Front & back yards would each have ~90 ft of potential drip but would use individual emitters vs. tubing due to spacing

Front to back manifold distance would be ~100 ft of blank tubing


----------



## zeroibis (Sep 28, 2020)

The first big question you want to ask yourself about drip zones is if you need to water everything on that zone on the same schedule. Think about the plants you want to have on a given zone and ensure they have similar watering requirements.

I have multiple zones based on what I am watering. I got one zone for a group of gardenia and azalea on the top of a hill, another for all the arborvitae and despite my hedge of sky pencil holly and hedge of camellia being one in front of the other they are on separate zones becuase they have different watering requirements. Lastly my Hydrangea are on a separate zone becuase those need to be watered more often than anything.

You can use inline valves to control some things, for example I have a redbud, japanese maple and a magnolia on the same zone as the camellia but I have a manual valve on them because they do not need to be watered as much as the camellia in the summer and I just have the drip on them for when we are really lacking rainfall.

Most drip systems are designed with a PSI around 25 and as a result they will run great even on long runs, over pressure tends to be a larger issue than under pressure.
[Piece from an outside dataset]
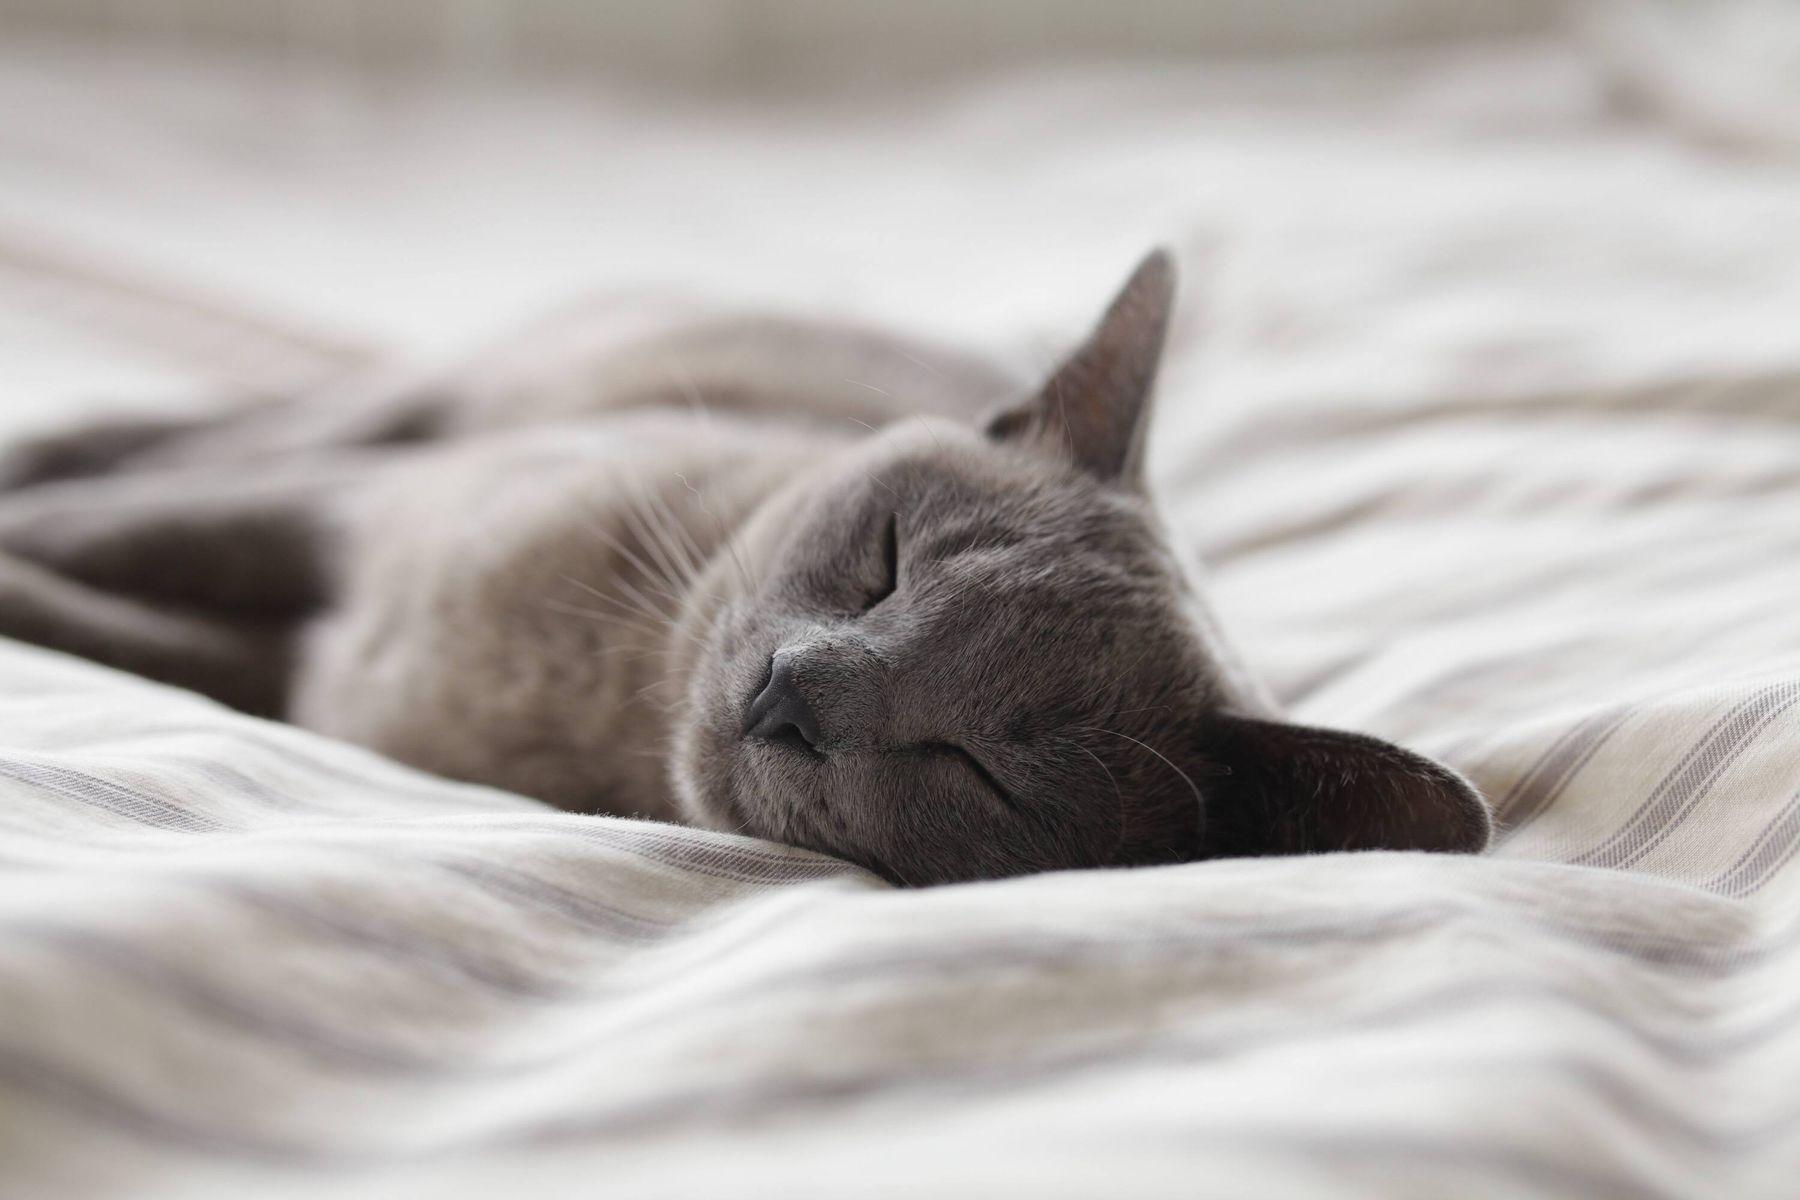 Kedi Yatağı Nasıl Yapılır?

Just be sure to actually go and check how much water your plants are getting with a drip system you may have calculated what you think it needs but you need to go and check the soil conditions to get everything dialed in. Just like a lawn sprinkling system you need to actually check and adjust based on the conditions of the plants. After a season or so you will know what the timings should be.


----------



## Delmarva Keith (May 12, 2018)

To try not to overcomplicate things, you can break up drip zones based on how often you water, and choose the number and type of emitters per plant (or length of emitter tubing around the plants) to control how much water.

So, for example, with only two available zones, flowers get a zone and shrubs / small trees get a zone. From there, full sun areas get emitters with more flow or more emitters per plant than less sunny areas. If a plant is drying out more than others on the same zone, pop in another emitter for it.

As far as 1/2" blank tubing length, I have a zone in my back yard with 211 emitters at 2 GPH each with a total length well over 500' (total flow approx 7 GPM). Inlet pressure regulated with one of those Amazon RV pressure regulators and filter is a Rainbird inline filter. Inlet pressure set to about 35 psi. It's a long zone that's definitely pushing the envelope but it works fine.


----------



## zeroibis (Sep 28, 2020)

Delmarva Keith said:


> To try not to overcomplicate things, you can break up drip zones based on how often you water, and choose the number and type of emitters per plant (or length of emitter tubing around the plants) to control how much water.


Correct, thank you for making this clear. Mine makes it seem you can not mix the types of plants but it is just that I have a lot of areas with groups of plants that are all the same that have very different requirements for when they need to be watered.


----------



## coloradom1212 (Aug 3, 2021)

Thanks for the input. I am thinking to start with using the two zones I have and adjusting with the type/layout of emitters, and then I can always adapt or add other zones down the line.


----------